§ Brief:
Pictures are to be excluded. Please print only the lines from the one containing "Nouvelle promotion de" through the end of the data, exactly as they appear.

§ Data provided:
━━━━━━━━━━━━━━━━━━━━
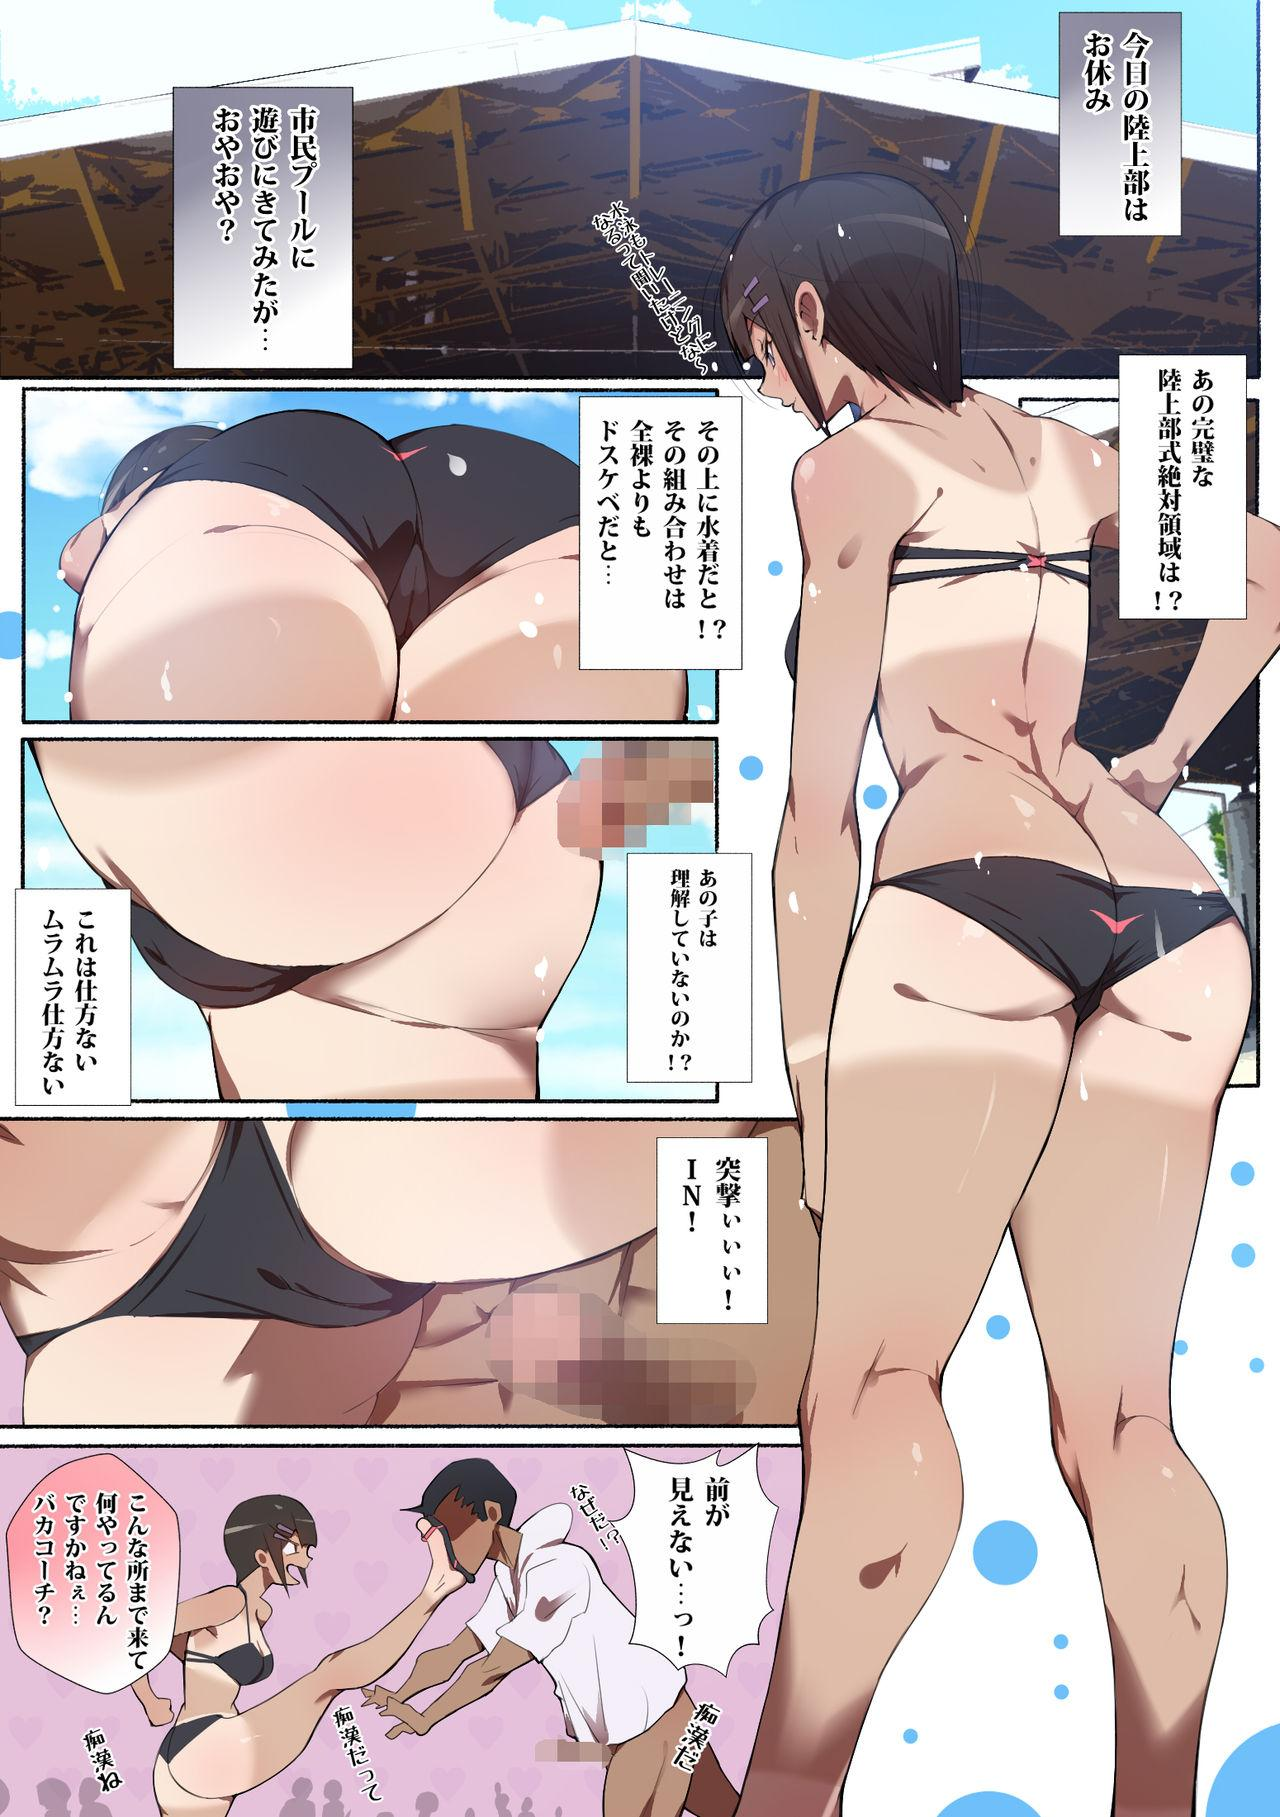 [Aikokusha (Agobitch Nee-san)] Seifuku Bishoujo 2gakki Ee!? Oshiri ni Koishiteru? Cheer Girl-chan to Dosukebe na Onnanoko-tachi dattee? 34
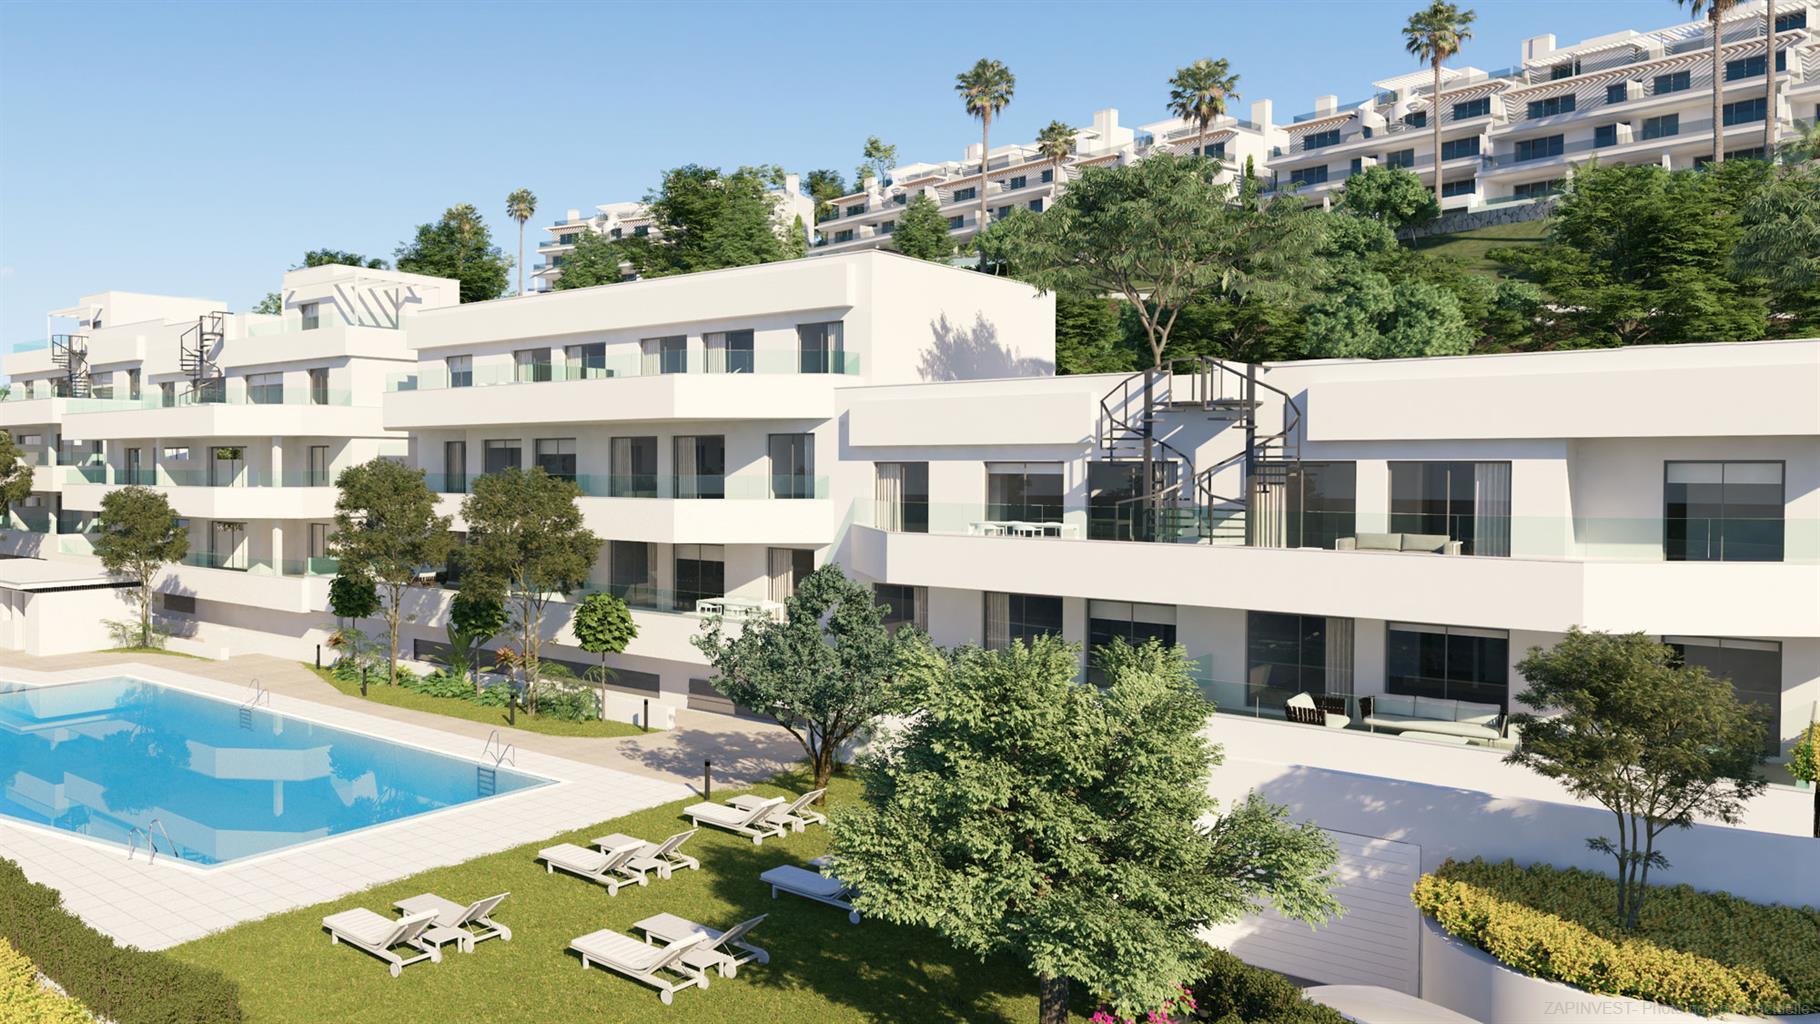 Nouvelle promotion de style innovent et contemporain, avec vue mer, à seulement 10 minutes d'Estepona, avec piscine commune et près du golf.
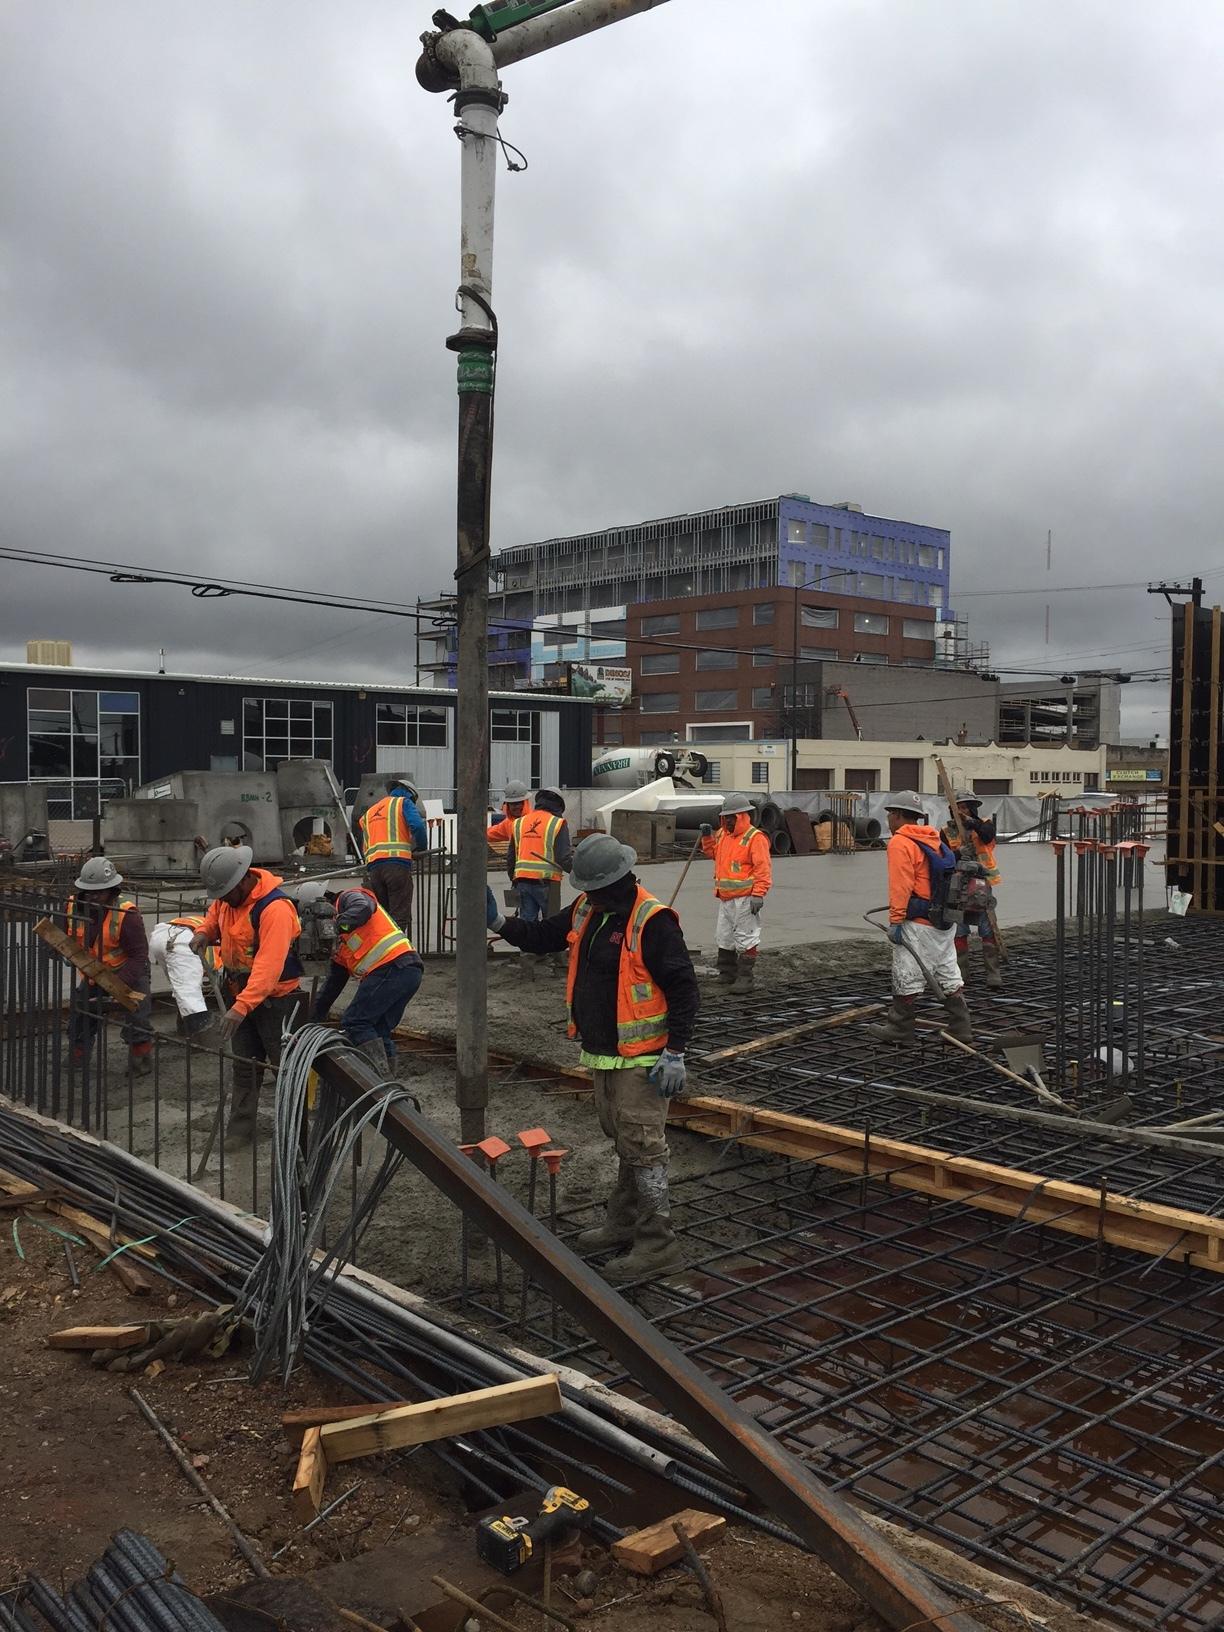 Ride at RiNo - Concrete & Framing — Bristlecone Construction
━━━━━━━━━━━━━━━━━━━━
§ Reply to the task:
 Nouvelle promotion de style innovent et contemporain, avec vue mer, à seulement 10 minutes d'Estepona, avec piscine commune et près du golf.
 Ride at RiNo - Concrete & Framing — Bristlecone Construction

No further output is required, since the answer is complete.